I could have worded my reply better, but the simplified explanation stands :b


You can say "give me a % chance you think this thing will happen and why" and it will spit out a lot of context behind it's thinking, I'm not a math guy and I'm aware "probability" has some more complex math stuff in it, but just from a "why do you believe this so strongly?" perspective, I've personally found it's able to have me agree or disagree fairly. You can then give it additional context you know about, and it will refine it's estimation. Basically I've started treating them like context connection systems, just to look to see if dots even possibly could connect before I do the connecting myself.


I'm not 100% sure what you mean by this, but there is token probability available in some providers:

https://cookbook.openai.com/examples/using_logprobs


I think logprobs functionality was removed because it allowed to exfiltrate the last layer of weights of their propietary models


Suitably modified, they can. Bayesian neural networks provide uncertainty quantification. The challenge is calibrating the predictions, and deciding whether devoting model capacity to uncertainty quantification would not be better spent on a bigger, uncertain model.

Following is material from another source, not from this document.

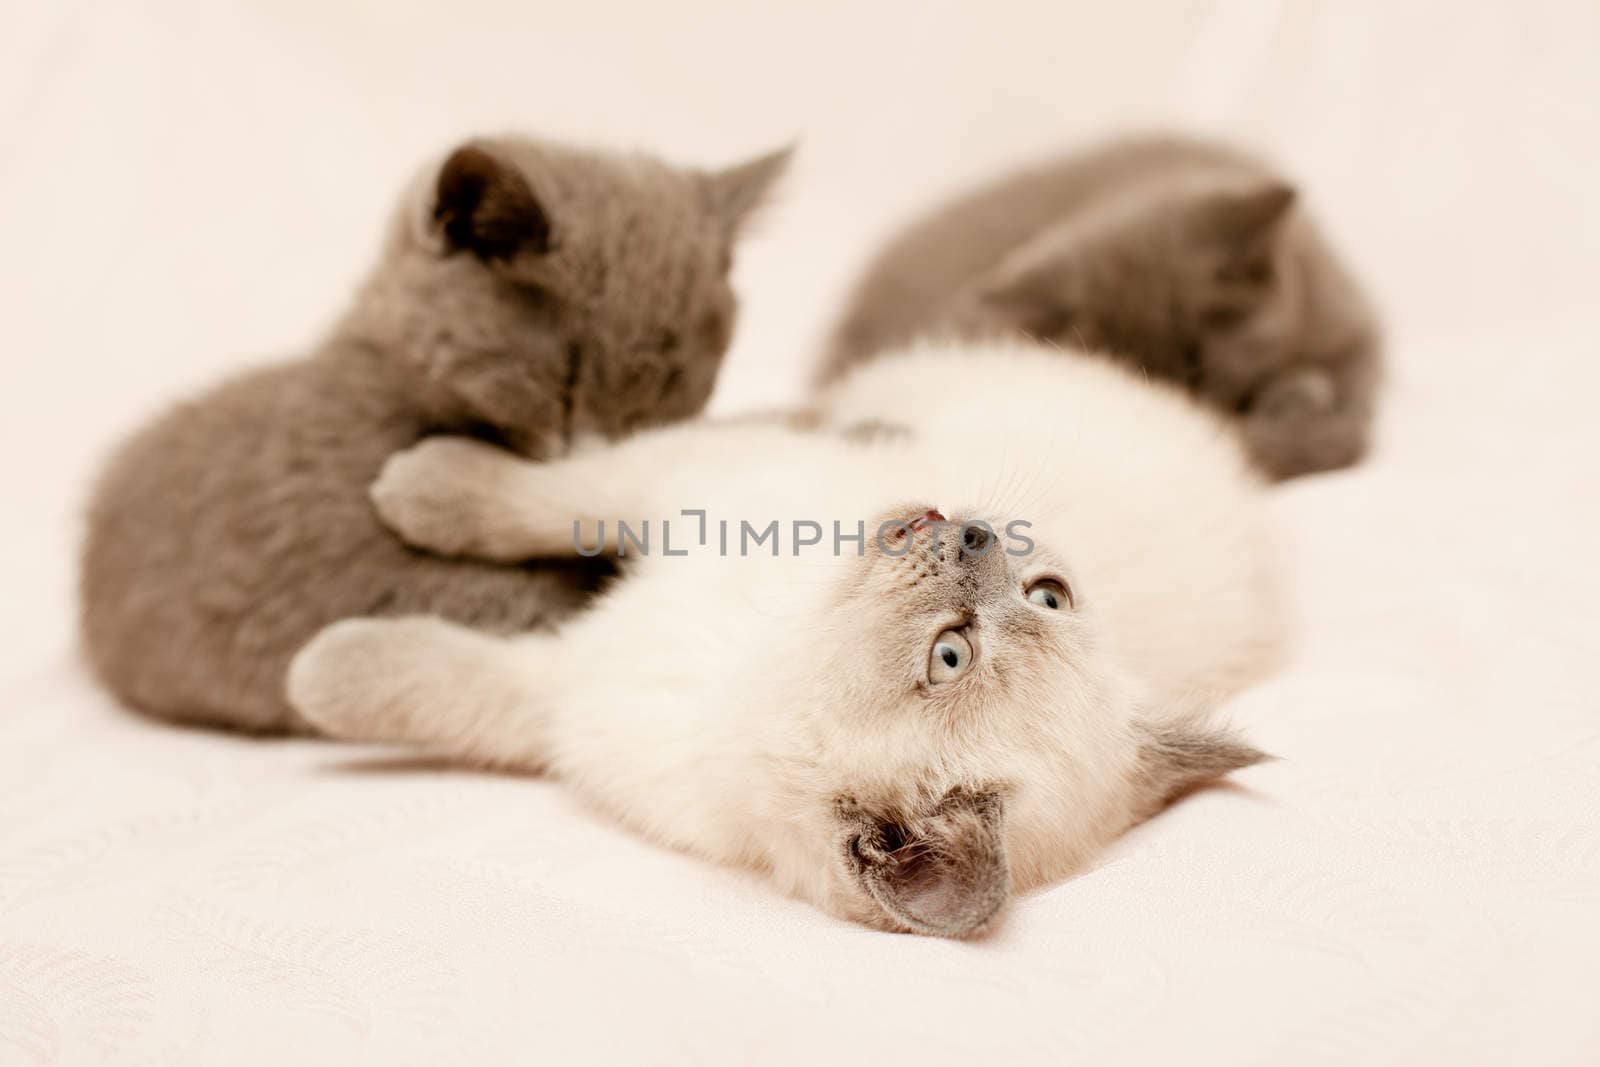 Three kittens by foaloce

https://en.wikipedia.org/wiki/Calibration_(statistics)

Example: Efficient and Effective Uncertainty Quantification for LLMs (https://openreview.net/forum?id=QKRLH57ATT)


According to the following paper, it's possible to get calibrated confidence scores by directly asking the LLM to verbalize a confidence level, but it strongly depends on how you prompt it to do so:

https://arxiv.org/abs/2412.14737


Maybe stupid answer, but I’ve read a few older papers that used ensembles to identify when a prediction is out of distribution. Not sure what SotA approach is though.


Yes, but those probabilities tend to be poorly calibrated, especially after the tuning they get for instruction following and such.